Однако сиятельной власти, "медине", эти традиционно еврейские качества
почему-то не присущи. Выветрились. Как узнал он на "кикаре", иные семьи
живут здесь, под окнами мэрии, более полугода. В зимние дожди были тут, в
холода. Видны из государственных окон и мерзнущие дети в пластиковых, для
мусора, мешках, натянутых на плечи. Бросилась "медина" на помощь бездомным?
Как же! Порезала ножами палатки.
Ничего этого Саша сейчас не сказал, промолчал. Подчеркивать в эти
минуты свою близость к Науму посчитал бестактностью. Он ответил тихо, что
живет на "кикар ха Медина". С бездомными.
- Не примазывайтесь к бездомным! - возмутился лысоватый тучный
советолог. - Вам был выделен неделю назад "караван" в Димоне!
"О-ох, не для того ты пришел сюда, ваше капуцинство, - мелькнуло у Дова
досадливо. - А не удержался: привычка - вторая натура!"
- Вам не только дали новый "караван", - не унимался, наступал лысоватый
капуцин. - А сегодня утром даже предложили гостиницу здесь, в Беэр-Шеве. Вы
не бездомный, вы спекулируете на наших социальных бедах! Почему вы не ушли с
площади?!
У Саши едва не сорвалось с губ запальчиво: "Скважина!" Кинул очки на
нос, окинул лысоватого взглядом. "А, вологодский конвой? Похож!"
- Скажите на милость, господин гуманист. Вас может оставить спокойным
судьба женщины, которая... голову в петлю, бросив свое дитя на произвол
судьбы?!. Я такого черного ужаса и в тюрьме не видел. А на площади перед
городской мэрией... Могу бросить на произвол судьбы таких, как она? Когда
смерть становится бытом, ее и смертью не называют. Помните у Волошина:
"Брали на мушку", "ставили к стенке", "списывали в расход..." - никого это
особенно не волновало. И вот уже здесь, читаю, появились эвфемизмы. Одинокая
мать кончает с собой, газеты пишут "не выдержала напряжения". Разве не несет
израильский стереотип, подменяющий чувство, ту же самую смысловую функцию,
что и "шлепнуть", "списать в расход" эпохи гражданской войны? Несет!

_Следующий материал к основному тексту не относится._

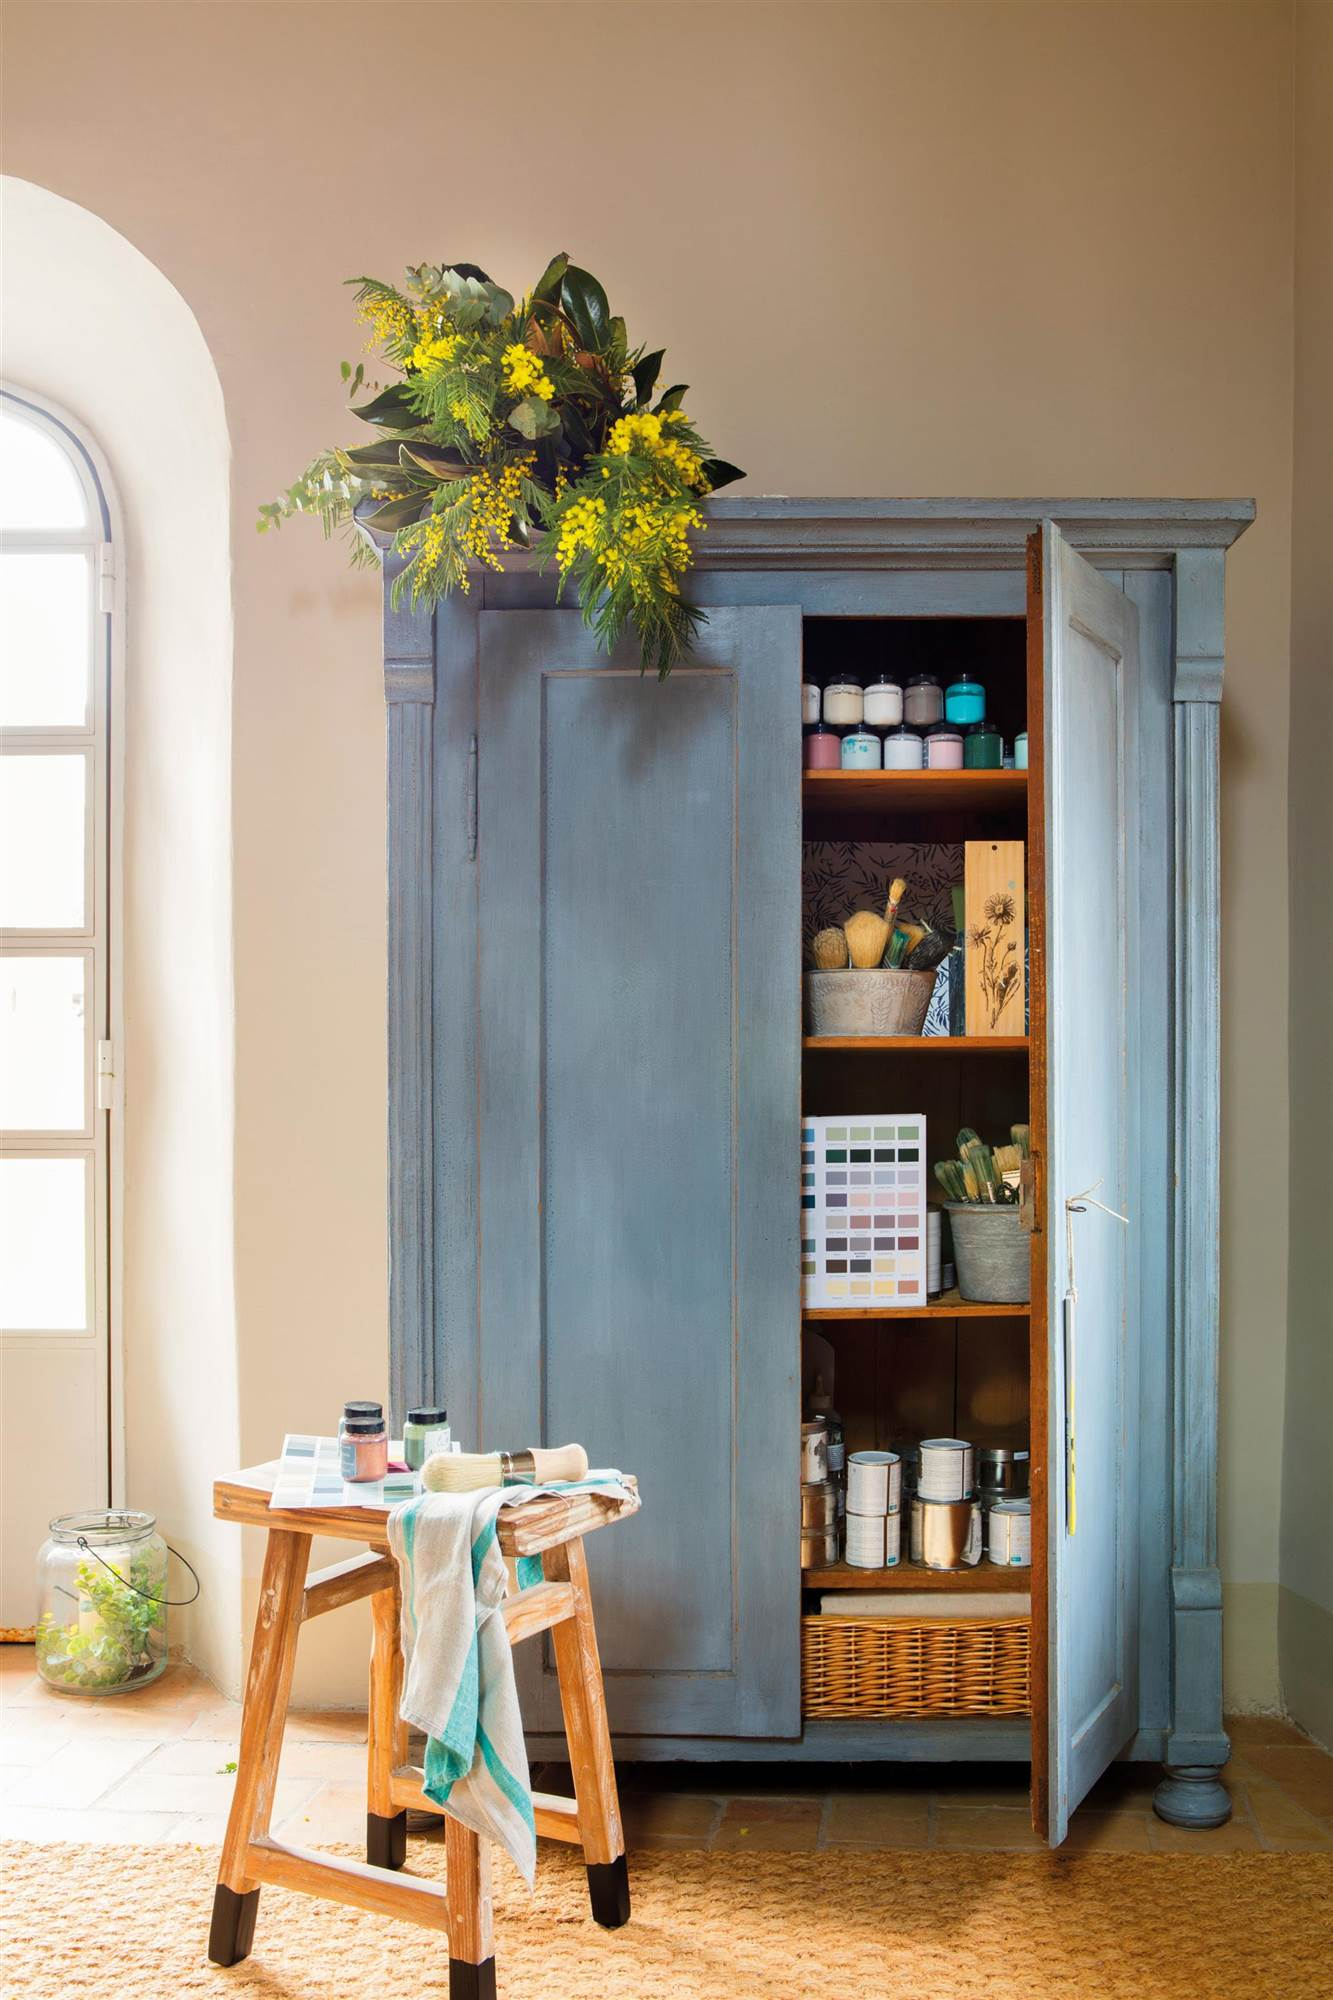 Cmo pintar muebles antiguos modernos de madera

Скрывает преступление власти, которую вы выгораживаете. Устроились, вам и
горя мало!
- В Израиле нет дня без войны, - раздраженно начал советолог.
- ...С одинокими еврейскими матерями?! - перебил его Саша с сарказмом.
- Вот ты каков! - Генерал глядел на разошедшегося олима со все
возрастающим любопытством. - Чуть что, и сразу - преступление власти. Вас
научили делать жизнь с Феликса Дзержинского, а делать надо вот с кого! С
Наума Гура, вашего друга - вот пример беззаветного сиониста, смелого
честного человека... - И он принялся вспоминать, как сражался вместе с
Наумом на войне Судного дня. Сказал, лучше Наума не встречал людей... - Но
тут же, спохватившись, что его величание смахивает на надгробную речь,
добавил торопливо: - ... Жить ему до ста двадцати!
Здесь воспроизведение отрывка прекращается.